The Rabbinate’s Diaspora Blacklist Doesn’t Defend Judaism — It Undermines It
JERUSALEM (JTA) — Over the weekend, JTA and others reported on a “blacklist of rabbis” maintained by Israel’s Chief Rabbinate. The list contains the names of more than 160 rabbis whom the rabbinate does not trust to confirm the Jewish identity of immigrants to Israel.
The list, obtained by Itim from the rabbinate after a protracted legal battle, has sparked an uproar in Israel and around the Jewish world. I have been contacted by rabbis, politicians, Israeli and American consuls general and ambassadors, asking one question: Who is responsible for this mess?
If one asks Ashkenazi Chief Rabbi David Lau what happened, his argument – articulated in a letter his chief of staff sent to his CEO – is that a clerk went AWOL. According to Lau, Rabbi Itamar Tubul, the director of certifications and personal status at the rabbinate, issued a list without consulting anyone. The chief rabbi has asked the CEO to censure Tubul, thus, from his perspective, bringing an end to the travesty of the blacklist.
But Rabbi Tubul didn’t cause the blacklist to be created. In fact, he is a manifestation of a systemic failure of the rabbinate, and in fact of Israel, to address the significance of the Jewish part of the Jewish State for the Jewish world.
“The state of Israel will be open for Jewish immigration and for the Ingathering of the Exiles,” Israel’s Declaration of Independence reads. “[I]t will be based on freedom, justice and peace as envisaged by the prophets of Israel; it will ensure complete equality of social and political rights to all its inhabitants irrespective of religion, race or sex; it will guarantee freedom of religion….”
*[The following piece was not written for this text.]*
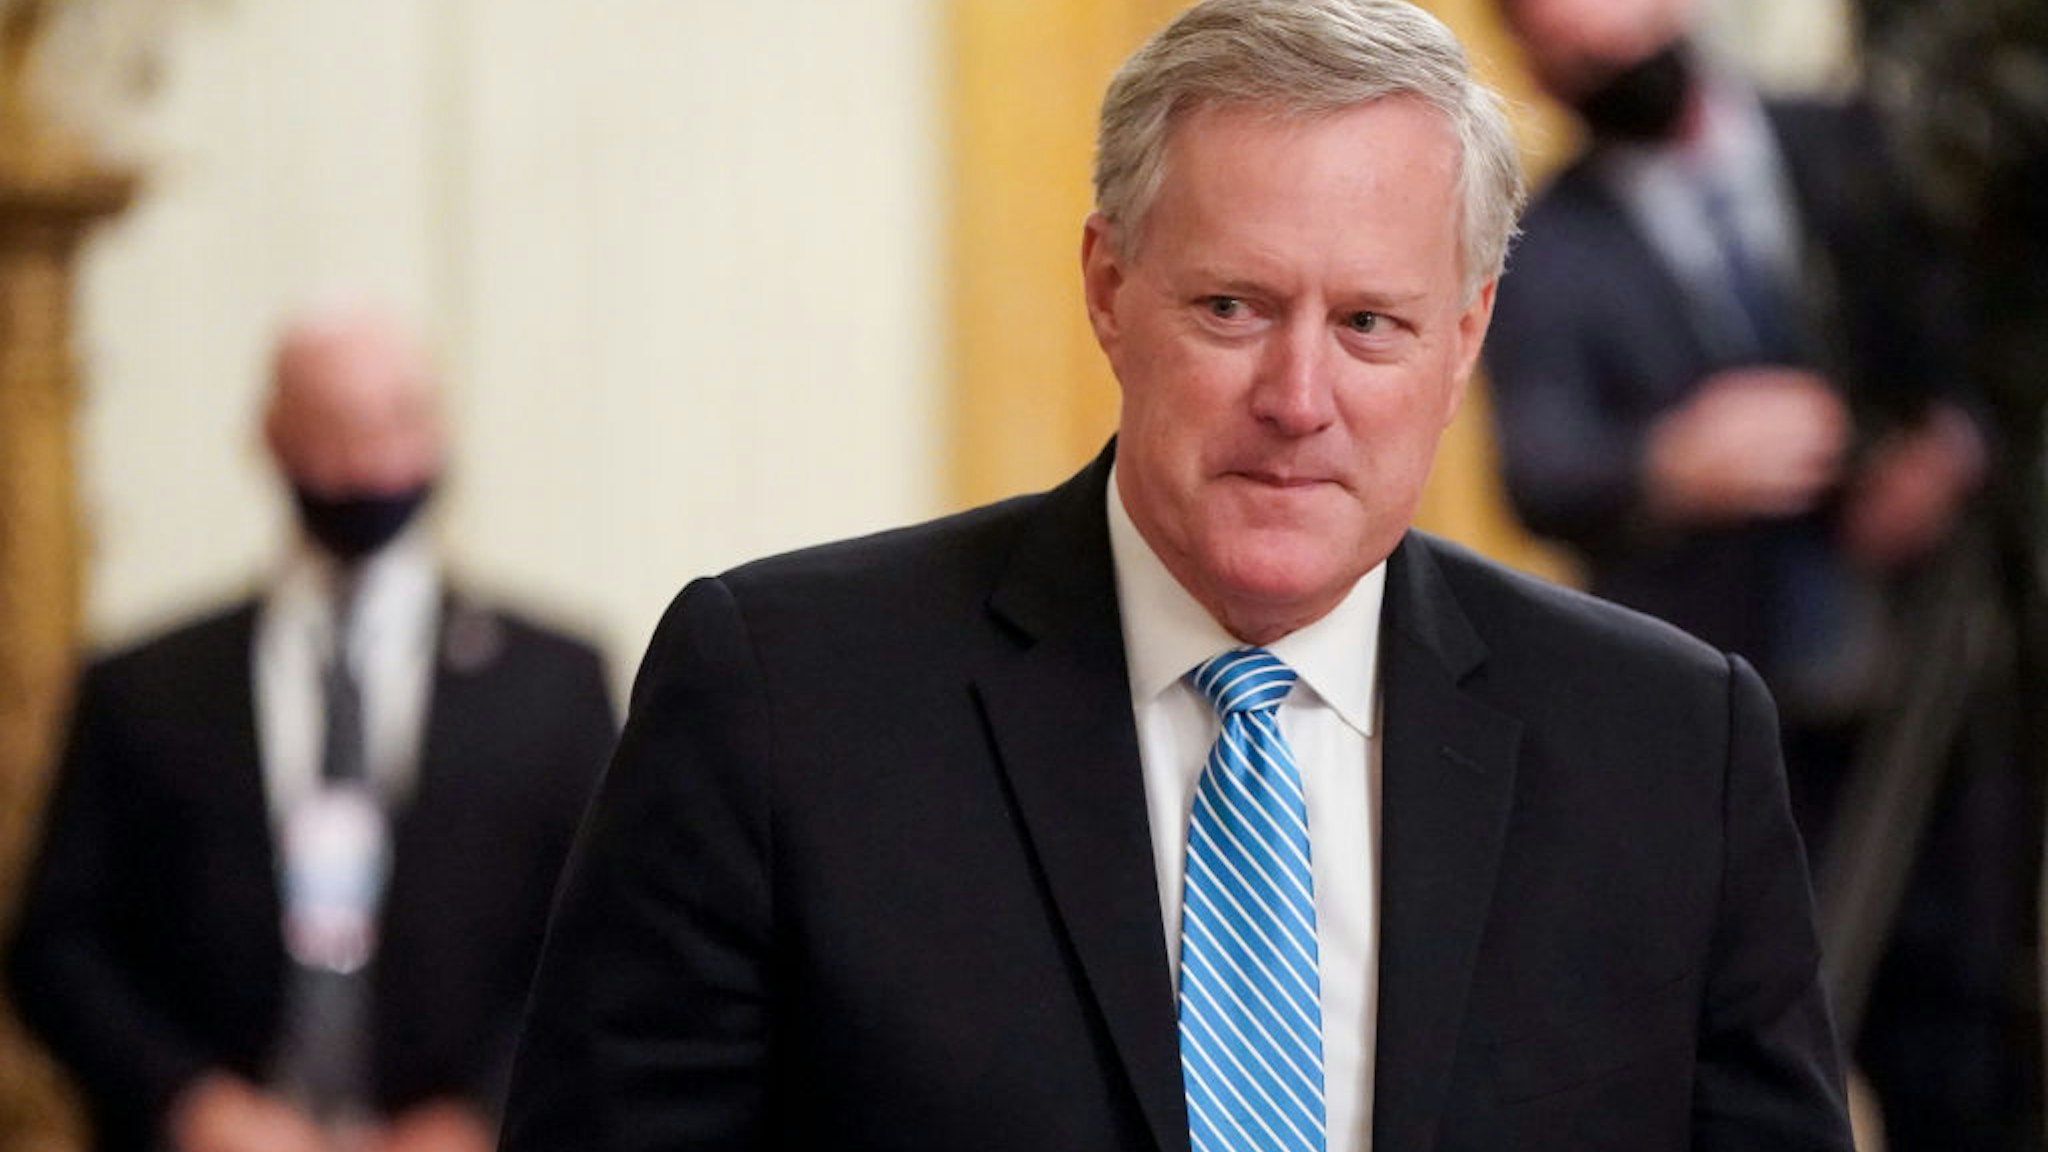 U.S. White House Chief of Staff Mark Meadows departs after President Donald Trump delivered remarks in honor of Bay of Pigs Veterans in the East Room of the White House on September 23, 2020 in Washington, DC.

But today, rather than support its historic role as a homeland for Jews around the world, Israel’s government — through the rabbinate which it empowers — chooses to delegitimize hundreds of communities and rabbis throughout the diaspora. Rather than embracing the diversity of the Jewish world and enabling Jews not born in Israel to make their home here, Israel pushes them away – purportedly in the name of halachah, or Jewish law.
As an Orthodox rabbi I want to state categorically that rejecting people’s Jewishness is anti-halachic. The halachah is clear: Jews are to be believed if they say they are Jewish. The rabbinate is undermining the very Judaism it wishes to sustain.
But of course, the present controversy isn’t only about halachah. It’s about power and accountability. The rabbinate has been allowed for too long to operate without any oversight, without any accountability, without any sense of its responsibility. This is not Rabbi Tubul’s problem, or the chief rabbi’s problem. It is the government’s problem.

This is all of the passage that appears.